A federal judge ordered the government on Monday to facilitate two more illegal immigrant girls’ efforts to obtain abortions, warning the Trump administration against interfering with the migrants’ constitutional rights.
Justice Department quickly announced an appeal Monday evening, hoping to delay the decision, though a similar attempt in a previous illegal immigrant-abortion case failed.
In this latest case, Judge Tanya Chutkan ordered the Health and Human Services Department to transport the girls to an abortion facility, told them not to tell anyone else about the abortions, and ordered them not to retaliate against the girls for their decision.
The judge said she was acting to preserve the girls’ “constitutional right to decide whether to carry their pregnancies to term — including their right to change their minds regarding the same.”
The ruling is the latest in an ongoing battle between immigrant-rights and abortion-rights groups on the one hand, and the Trump administration and GOP-led states on the other.

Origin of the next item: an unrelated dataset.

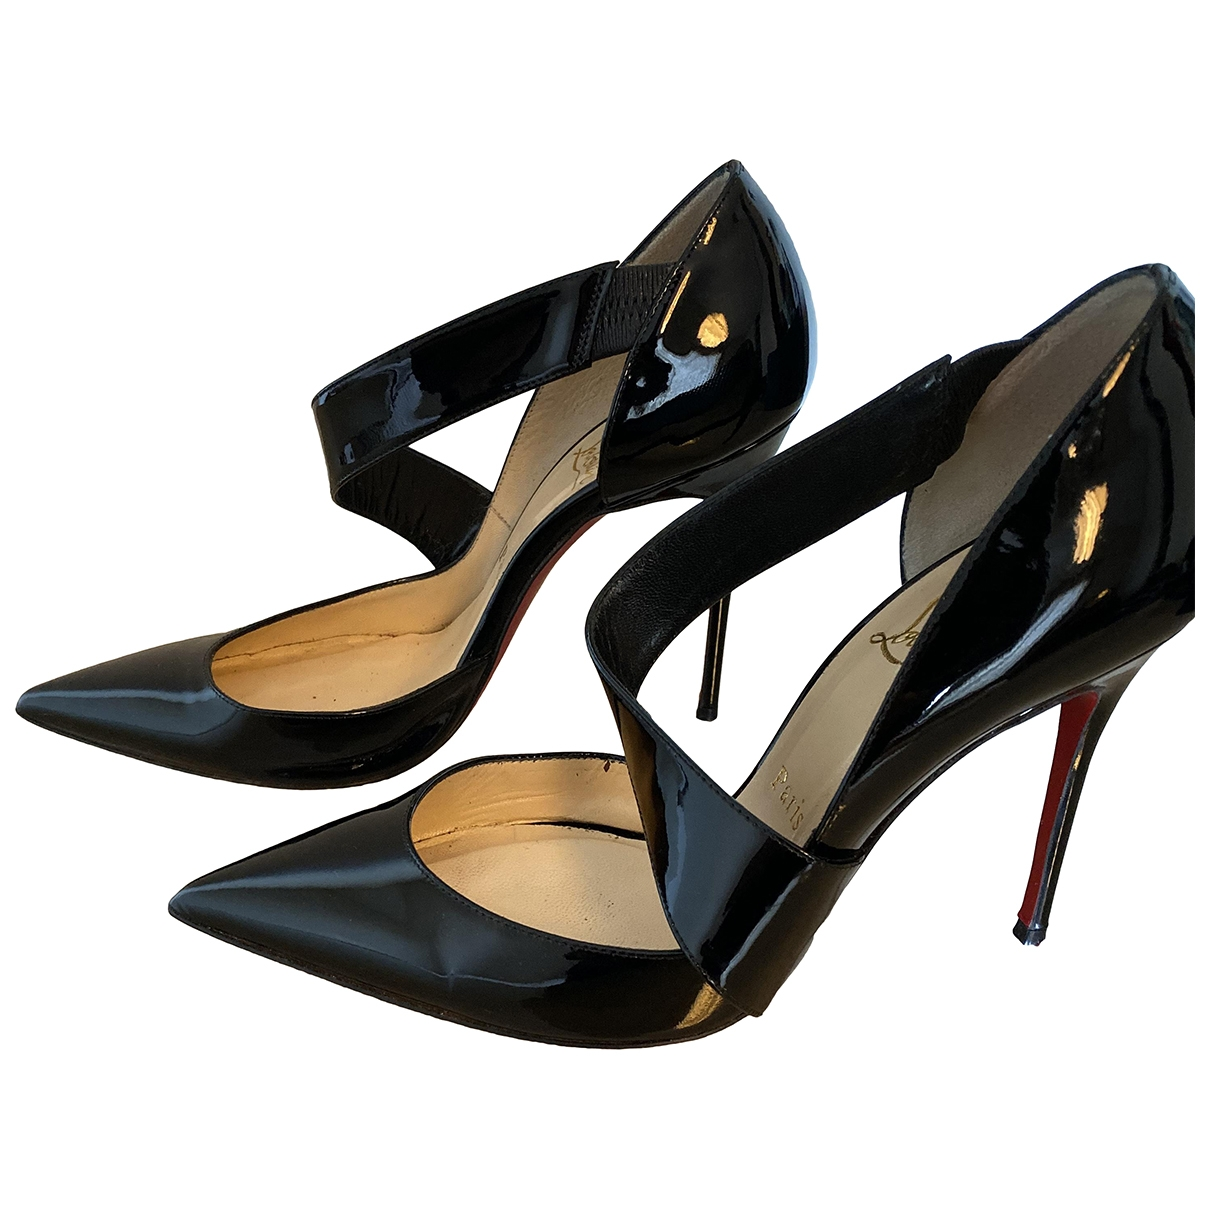 Christian Louboutin \N Black Patent leather Heels for Women 38.5 EU

The girls, identified as Joe Roe and Jane Poe in court documents, are 17 years old.
They were caught trying to sneak across the border and are being held as Unaccompanied Alien Children (UAC), which means they are in government-run shelters until they can be connected with sponsors.
The girls, both pregnant, have asked for abortions.
But the Trump administration says facilitating an abortion would mean spending federal taxpayers’ money to transport them and provide follow-up care — both of which, the government says, would violate federal laws that generally prevent taxpayers’ money from going to abortions.
Judge Chutkan ruled in a case earlier this year in favor of another 17-year-old girl, identified as Jane Doe. A federal appeals court initially blocked Judge Chutkan’s decision in that case, though the full court overruled the panel and allowed the abortion to proceed.
The Trump administration has since asked the Supreme Court to hear the case, saying the appeals court’s ruling cannot be allowed to stand because of the precedent it sets.
On Monday the Justice Department asked the Supreme Court to step into the latest controversy as well, with a request to halt Judge Chutkan’s decision.
“This case concerns the question whether the government must facilitate an abortion procedure that is not necessary to preserve the life or health of an unaccompanied minor who unlawfully entered the country and thus is in the government’s custody. The answer to that question is no,” Solicitor General Noel J. Francisco wrote in the new request.
The Trump administration argues that if the girls are able to find sponsors willing to take them in as guardians, they will be able to make their own decisions. But while they are in the care of the government, officials are inherently involved in the decision, and under the law cannot facilitate an elective abortion.
Mr. Francisco said the government is trying to find a sponsor, but needs more time.
The state of Texas, which fought against the original abortion of Jane Doe, who was in a Texas-based shelter, is leading a coalition of states backing the Trump administration’s position in the Supreme Court.
“Unlawfully-present aliens with no substantial ties to this country do not have a constitutional right to abortion on demand,” Texas Attorney General Paxton said Monday, after filing briefs in the case over the weekend.
“Texas must not become a sanctuary state for abortions. If the plaintiffs in this case prevail, there will be no meaningful limit on the constitutional rights an unlawfully present alien can invoke simply by attempting to enter the U.S. illegally,” Mr. Paxton said.